Kate’s eyes snap open as she’s woken by a noise, something that doesn’t belong in their house. She sits up in bed and glances at the time on her Echo Dot. Two fifty-seven. It must have been the cat, but when she turns on the torch on her phone, she sees Lula curled up at the end of her bed.

Kate slips out of bed and steps into the hall, where she can see the light from Thomas’s room seeping through the gap in his door. She rushes over and opens it wider, relieved to find him sleeping soundly.

She makes her way downstairs, checking everything’s as it should be. There’s nothing out of the ordinary until she approaches the kitchen and hears a tap running. ‘Thomas?’ she calls, though she knows there’s no way he could have come down without her noticing.

Holding her breath, she makes her way into the kitchen, and sees the tap on full, water cascading into the sink. Kate rushes over to it and turns it off, scanning the room. She is alone. The windows and doors are locked.

Rushing upstairs, she opens Thomas’s door; he’s fast asleep, snoring gently. Kate nudges him awake. ‘Thomas?’

He mumbles and turns over, but his eyes stay closed.

‘Sorry to wake you. Did you leave the tap running in the kitchen? Did you get up for water?’ Even as she asks this, she knows it’s not likely. Once Thomas is asleep nothing stirs him, and Kate always has to force him up in the morning.

Thomas rubs his eyes. ‘No. I’ve been sleeping.’

‘And you didn’t get up for anything at all?’

‘No. Why?’

‘Don’t worry. Go back to sleep.’

Back downstairs, Kate checks the front door again and the windows. She’d left her keys in Jamie’s flat, and now someone has been in her house.

Someone is sending her a message. And Kate’s sure this is only just the beginning.

TEN

SATURDAY 25 JANUARY

The moment dawn breaks, Kate is up, checking every room in the house again, making sure nothing else has been disturbed.

‘What are you doing, Mum?’ Thomas stands on the stairs, watching her.

‘Nothing. Just tidying,’ Kate says, affecting a casual tone, determined to hide her fear and anxiety. She will do whatever it takes to protect her son. But how long will she be able to do that when someone’s been in their house?

He shrugs and doesn’t question her, heading to the kitchen for breakfast.

They sit together at the table, even though Kate can’t stomach any food, and has to force herself to drink the coffee she’d normally relish in the morning. If she didn’t know before, then now it’s clear: someone knows she was with Jamie the night he died. And the fact that they’re not going to the police means there’s something worse they want for her.

Changing the locks is the first thing she needs to do.

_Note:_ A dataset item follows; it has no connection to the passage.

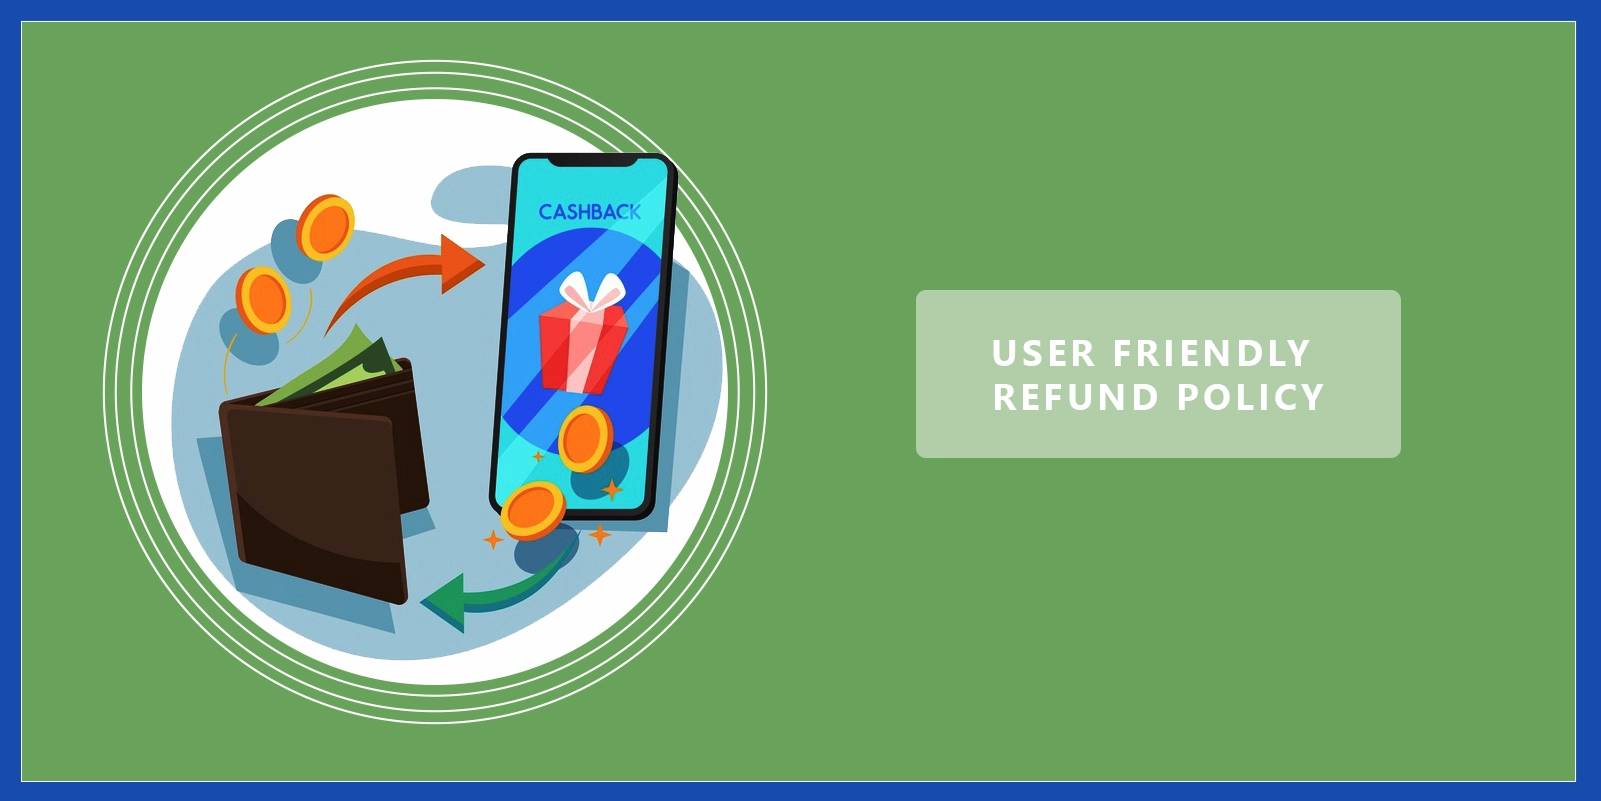  User friendly refund policy

The doorbell rings when Kate’s loading the dishwasher after breakfast. Cold fear slivers through her body; after the dead lilies and the tap left running, Kate knows there will be more. Plus it’s been exactly a week since she found Jamie’s body – is this the day the police will come for her?

She rushes to the living room window, but it’s Ellis’s car in the drive, not a police vehicle. With a mixture of relief and confusion, and dread because surely it’s only a matter of time, she heads to the door.

‘Hey,’ Ellis says. Dressed casually in jeans and a dark green hooded top, he leans in as if he’s about to hug her but Kate pulls back. She’s not going there. Any kind of physical contact with Ellis would be dangerous. ‘Everything okay?’ he asks.

‘You’re early.’

‘Is that a problem? I thought you appreciated my punctuality?’

But these are not normal times, and Kate doesn’t have the patience for this. ‘Have you got any keys to this house?’